(INPUT DATA)
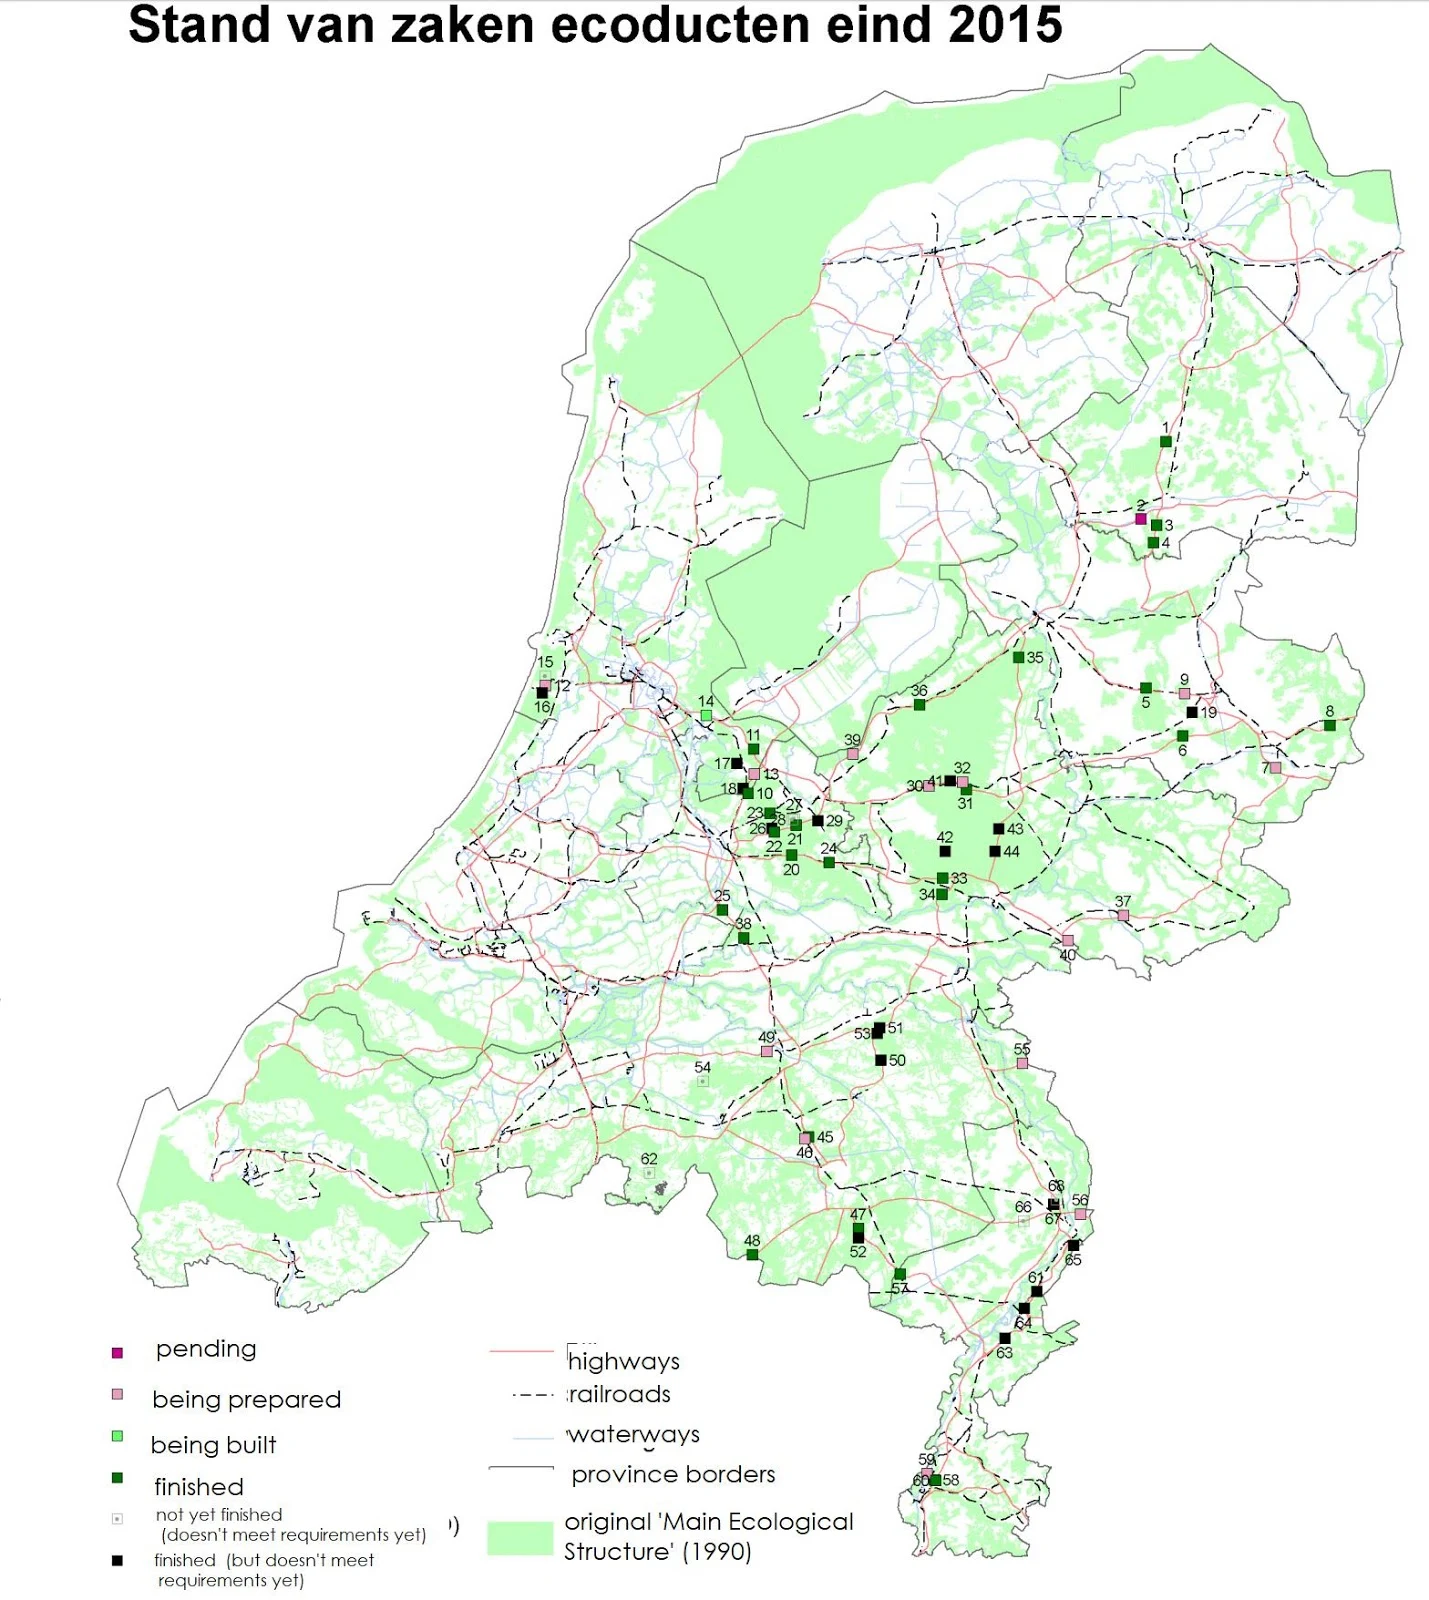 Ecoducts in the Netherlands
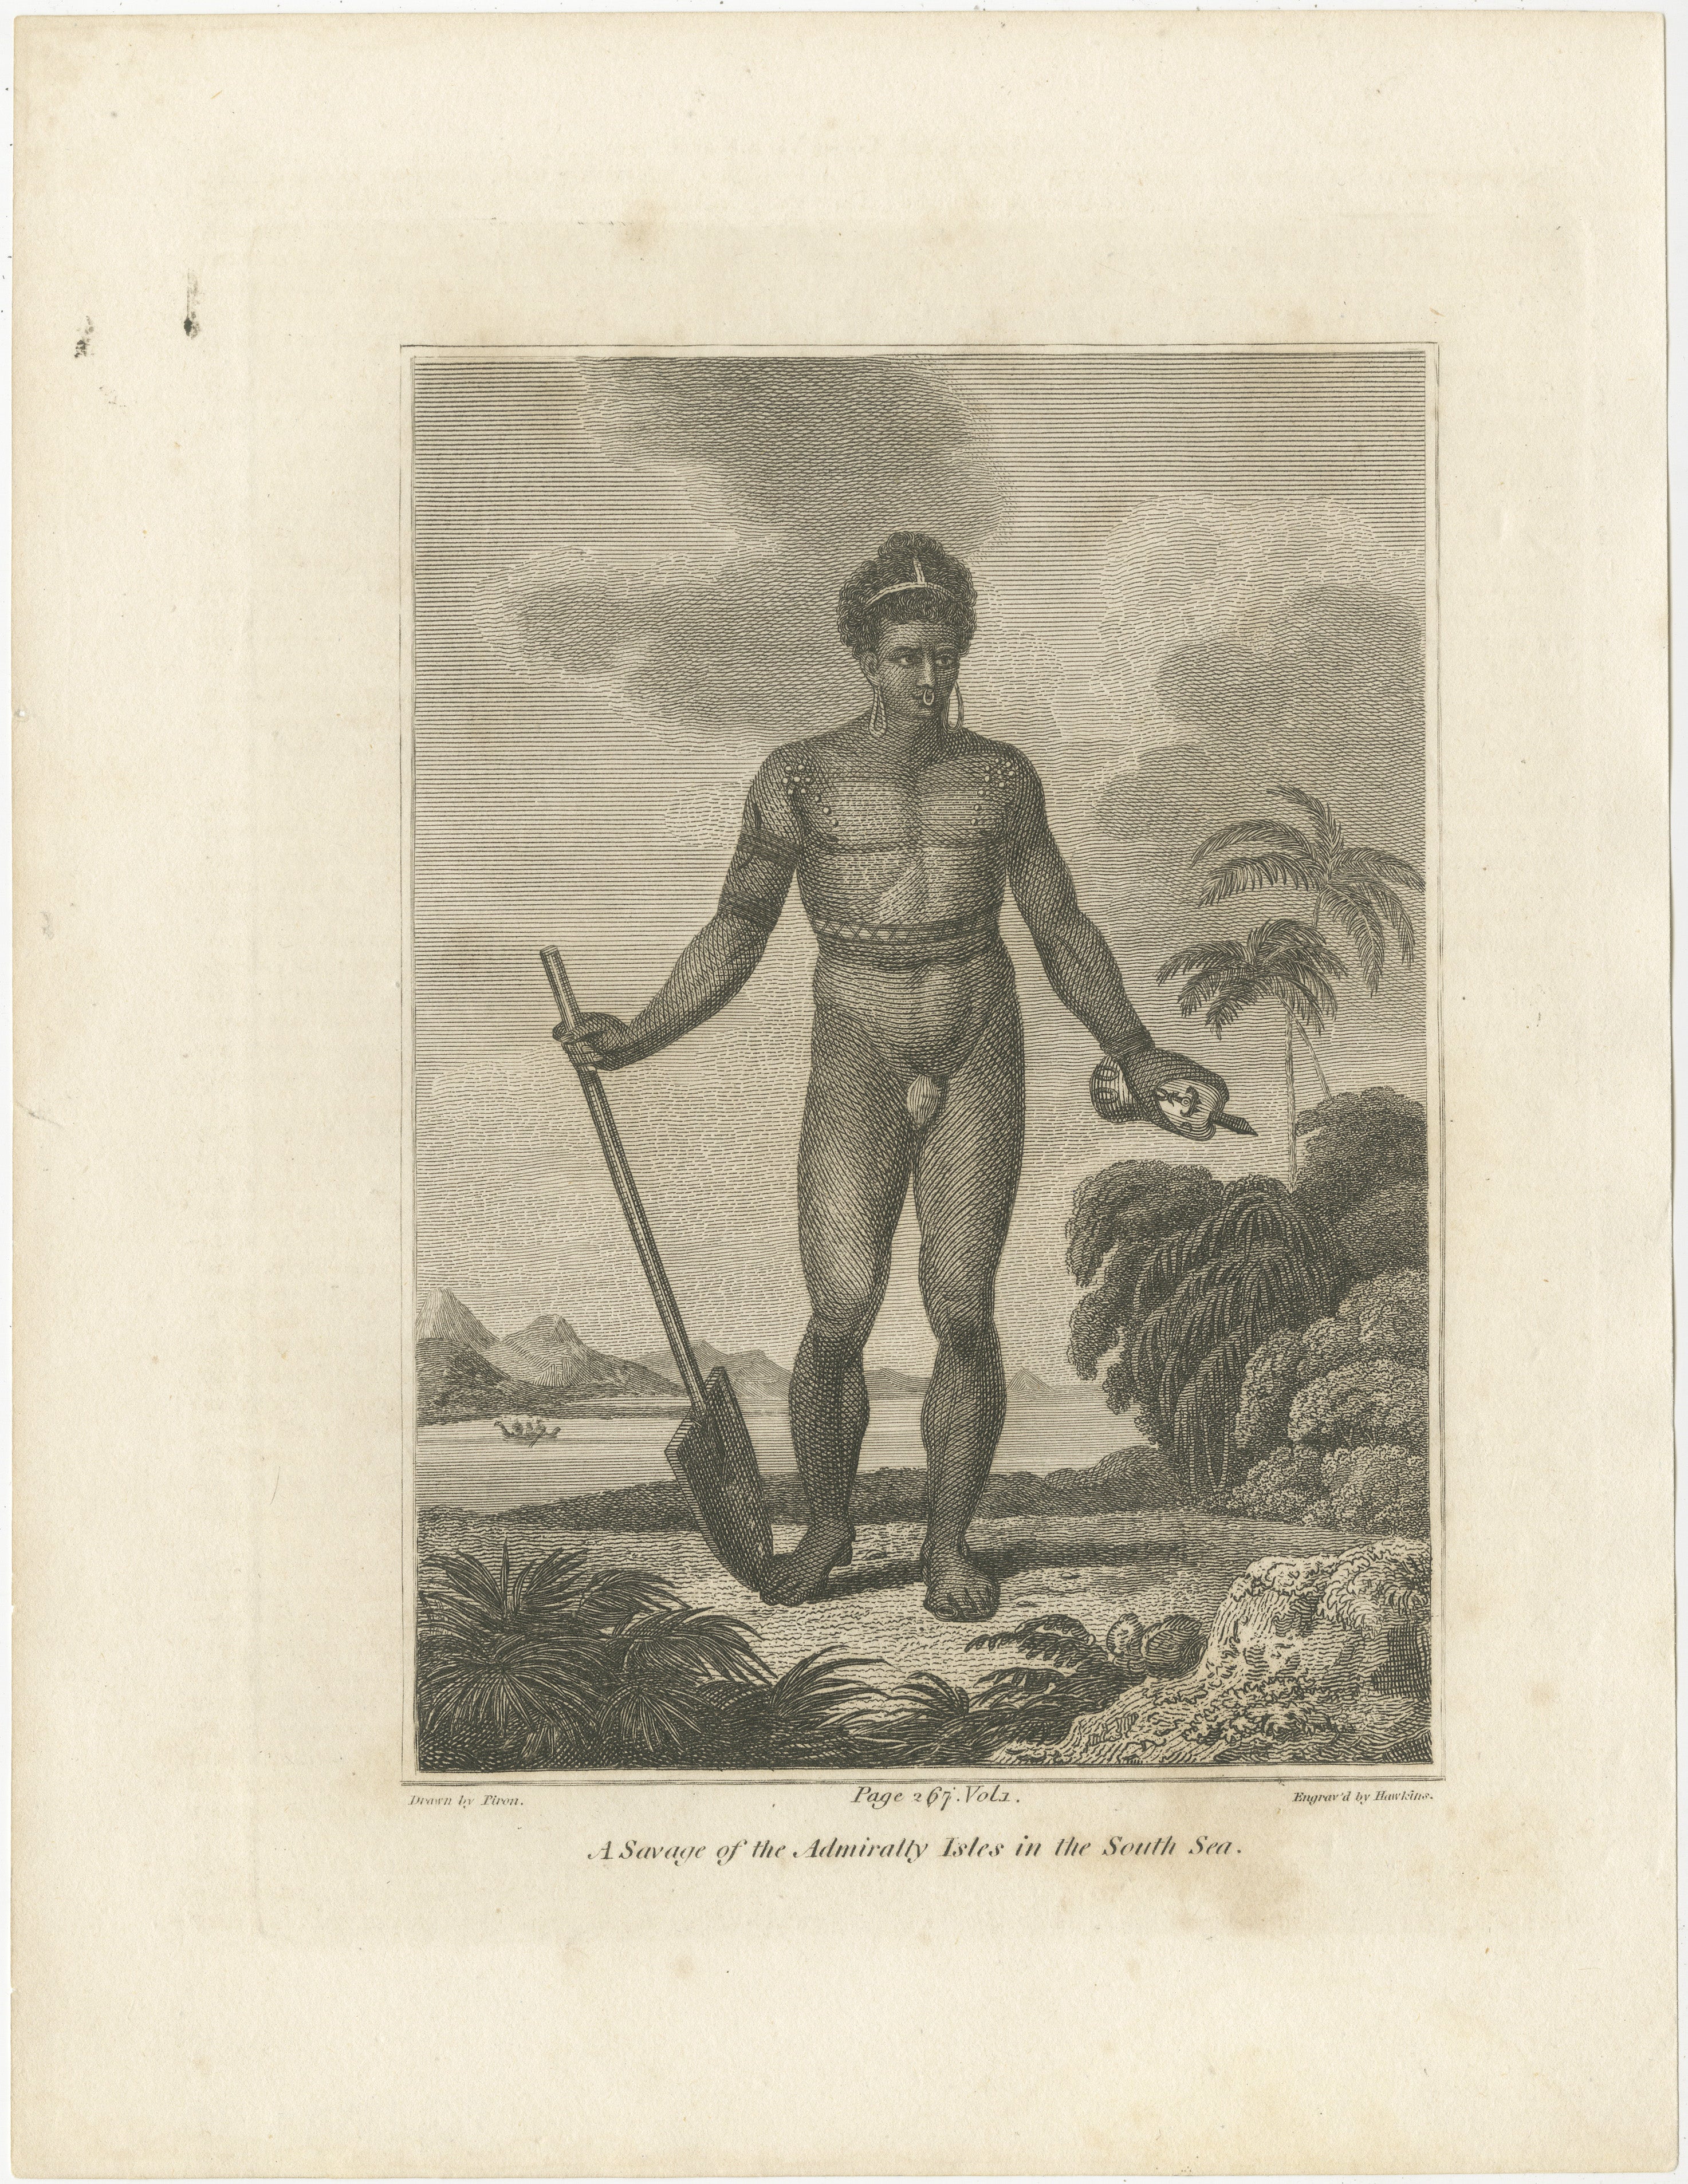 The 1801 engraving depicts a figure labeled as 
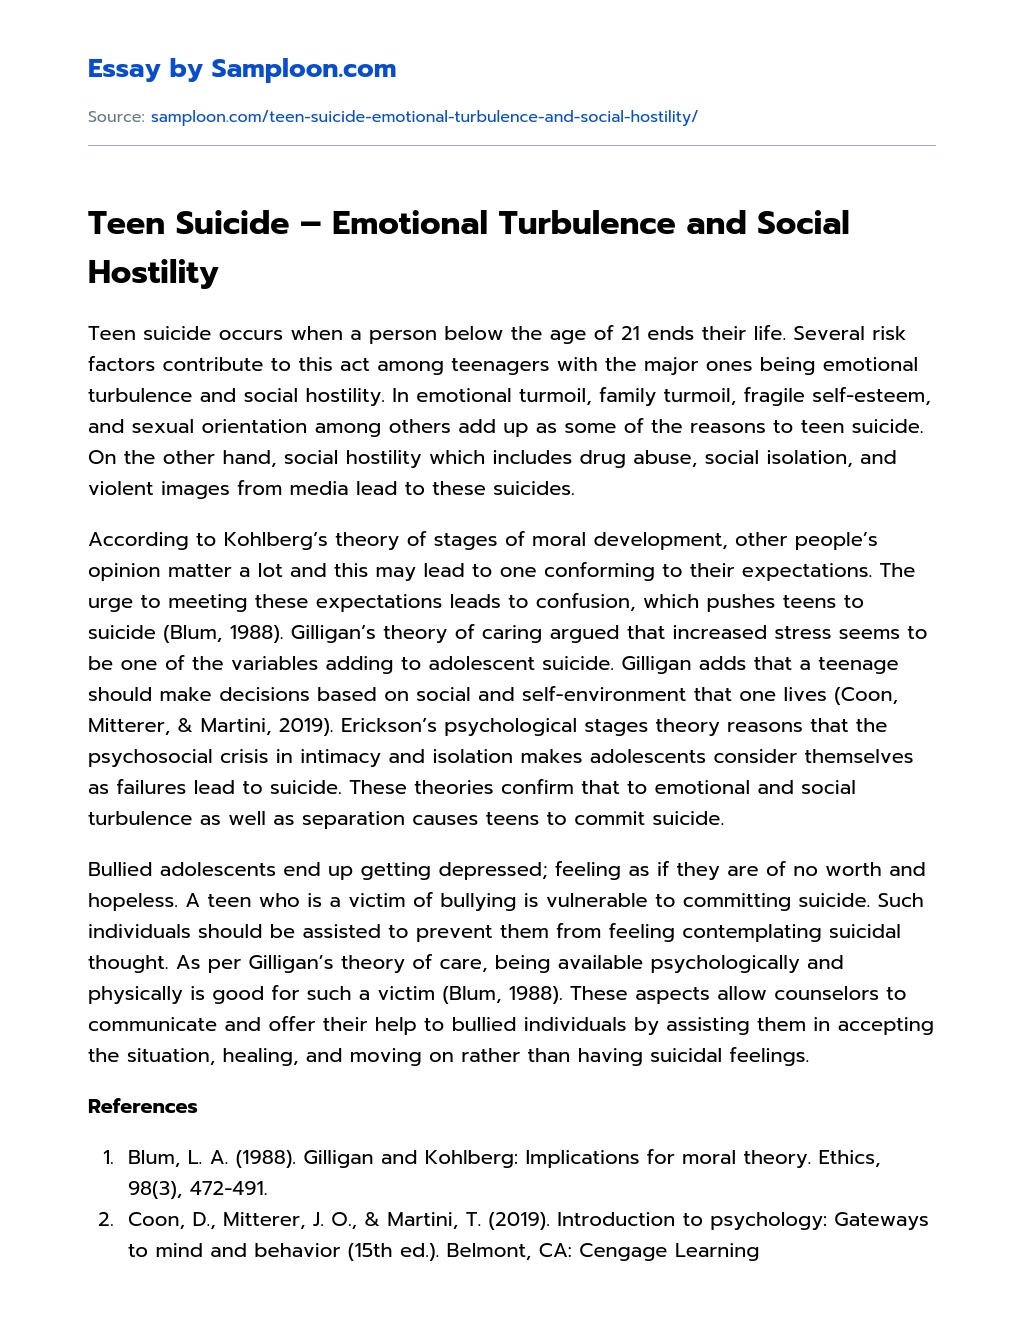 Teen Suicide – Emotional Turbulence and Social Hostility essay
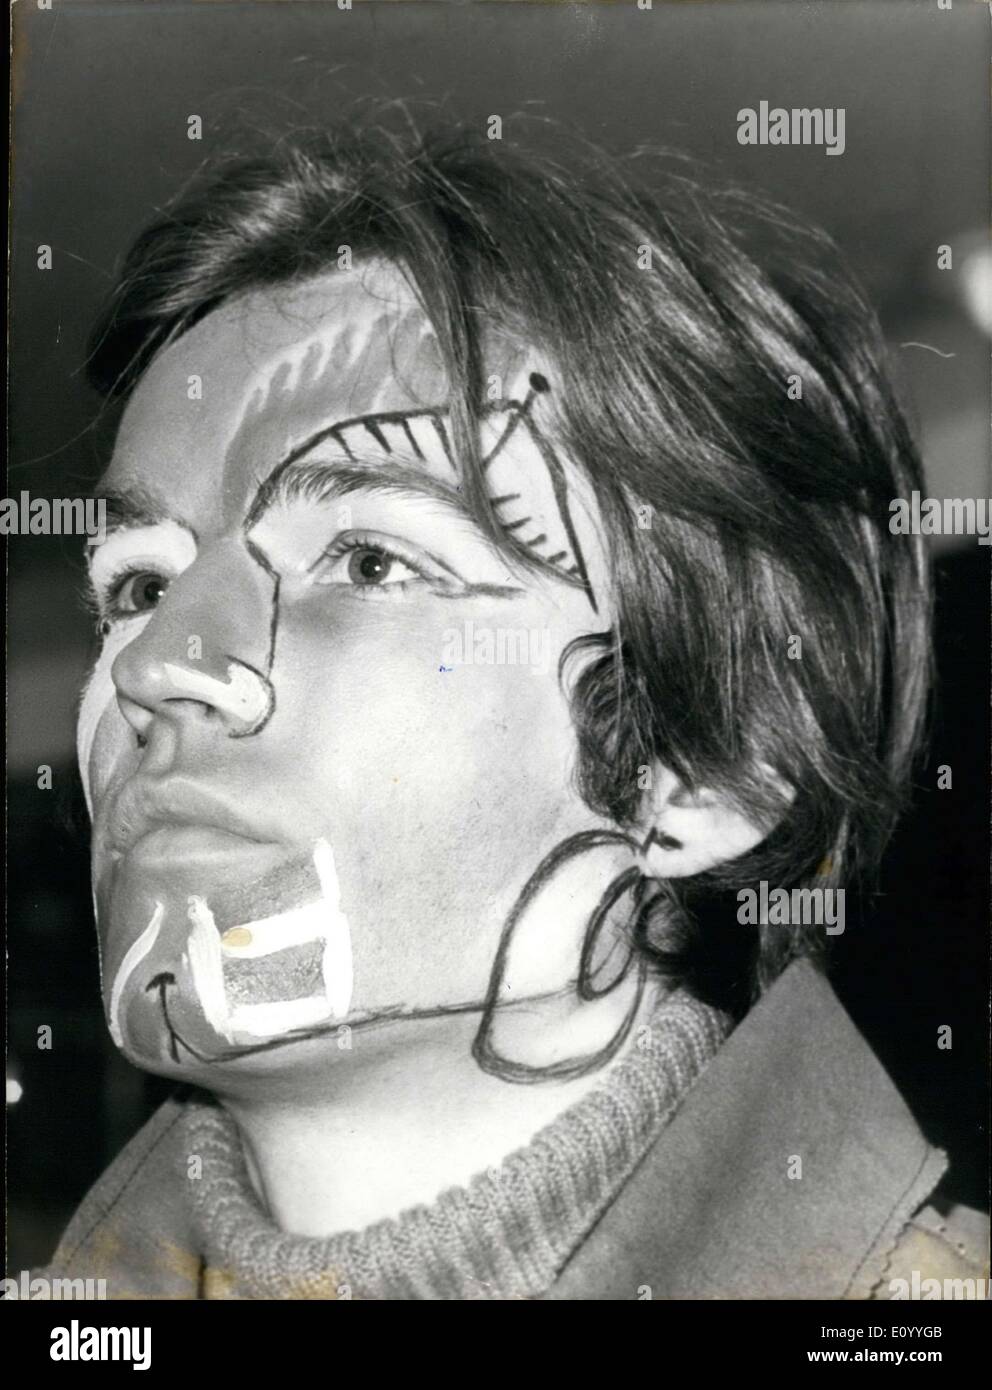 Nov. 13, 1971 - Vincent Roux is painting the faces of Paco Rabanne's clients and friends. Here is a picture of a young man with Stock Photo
(End INPUT DATA)
### ASSIGNED TASK
Every line above should be copied exactly; do not carry over the pictures.

### SOLVED EXERCISE
 Ecoducts in the Netherlands
 The 1801 engraving depicts a figure labeled as 
 Teen Suicide – Emotional Turbulence and Social Hostility essay
 Nov. 13, 1971 - Vincent Roux is painting the faces of Paco Rabanne's clients and friends. Here is a picture of a young man with Stock Photo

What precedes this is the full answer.